How do you address the argument that people should be free to make their own decisions?
Clearly, there are enormous externalities on health costs and debilitation on society. Obesity and diabetes don’t directly affect the health of your neighbor in the same way as smoking. There’s no passive effect. But the social and economic costs of having people without feet and toes and who need insulin are huge. We’re at a point where in some areas of the Middle East in 10 to 15 years, 20 percent of the adults will be debilitated…The economic costs become so huge that the public good becomes concerned with the health costs of debilitated people and countries therefore have the rationale to move forward as you do with any public good such as highways, clean water. And when 1.6 billion people in the world are obese and the rates are not slowing down, you’ve got to do something. Some countries like Mexico are desperate and are taking serious action. I’m working with their congress on taxation issues and essentially banning caloric beverages in some locations. The U.S. is way behind. Believe me, more countries will be moving on this in the next three to five years.

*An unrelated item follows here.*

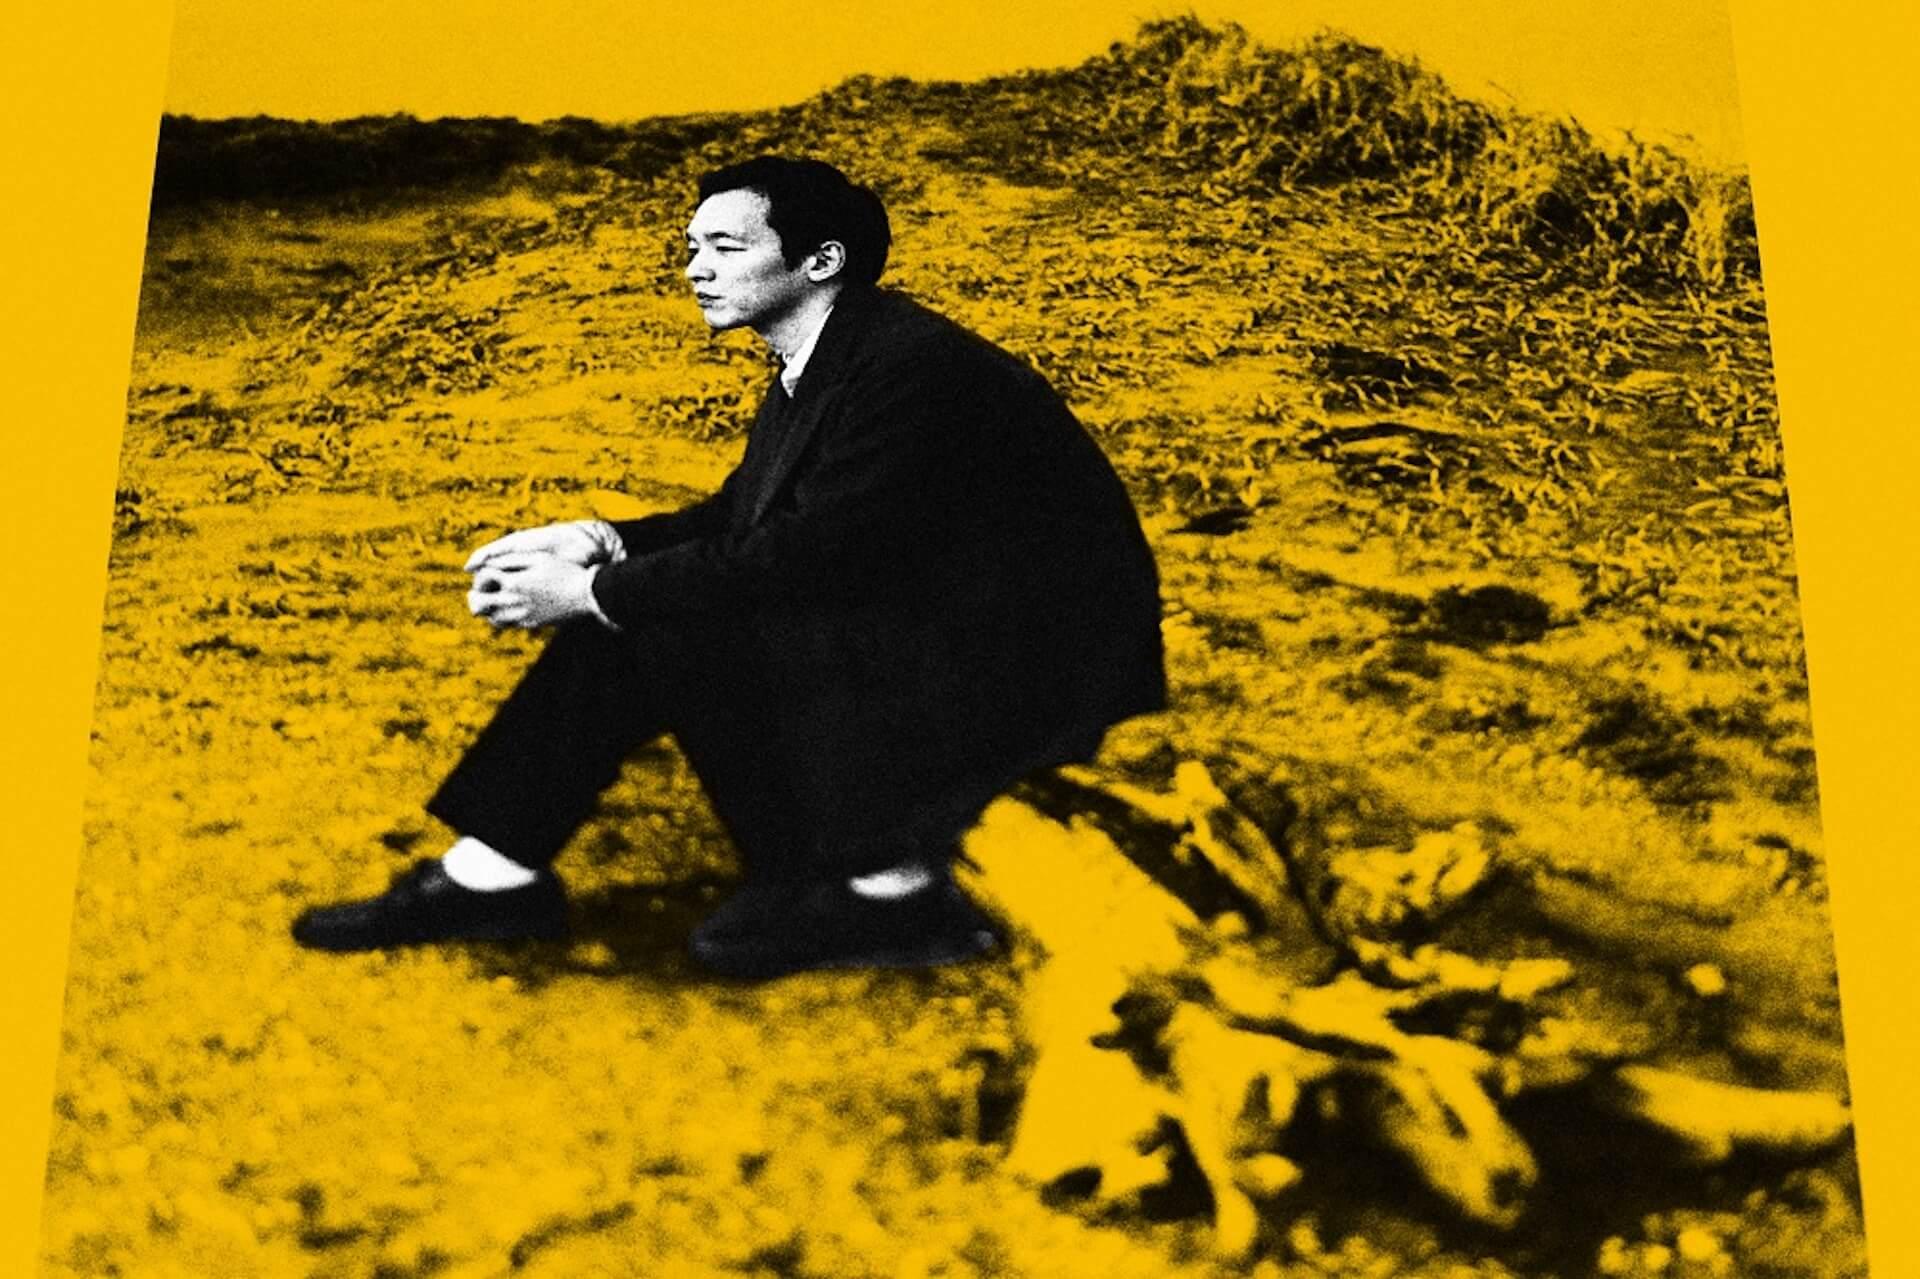 cero髙城晶平ソロプロジェクトShohei Takagi Parallela Botanicaが1stアルバムから「ミッドナイト・ランデヴー」を先行配信 music200319_cero_takagi_1

Is there a tension between the interests of private food companies and public oversight?
I don’t think it’s a tension with private processing per se…There are proactive policies in the food industry. In a number of countries, we’re going to have this program called Choices where all food in grocery stores will be labeled…We’re going to be moving toward that in a number of countries including the U.S. The food industry is willing to start moving but in the end, government action to create level playing fields is critical. If McDonald’s says “we’re going to cut portion sizes,” but Burger King says “I’m not,” unless the government says “Everyone has to do this,” it’s not going to work. In the case of the developing world, the global actors to some extent have a little bit more of an ethical side partly because they’re being watched by their home countries and are more vulnerable to public opinion. The local equivalents and processors are actually much more unsanitary, much richer in calories and trans fats. So we need to create a level playing field not only between companies in a sector, but between global and local. It will happen eventually. How costly will it be before we get there, who knows?
Eric Zuehlke is an editor at the Population Reference Bureau.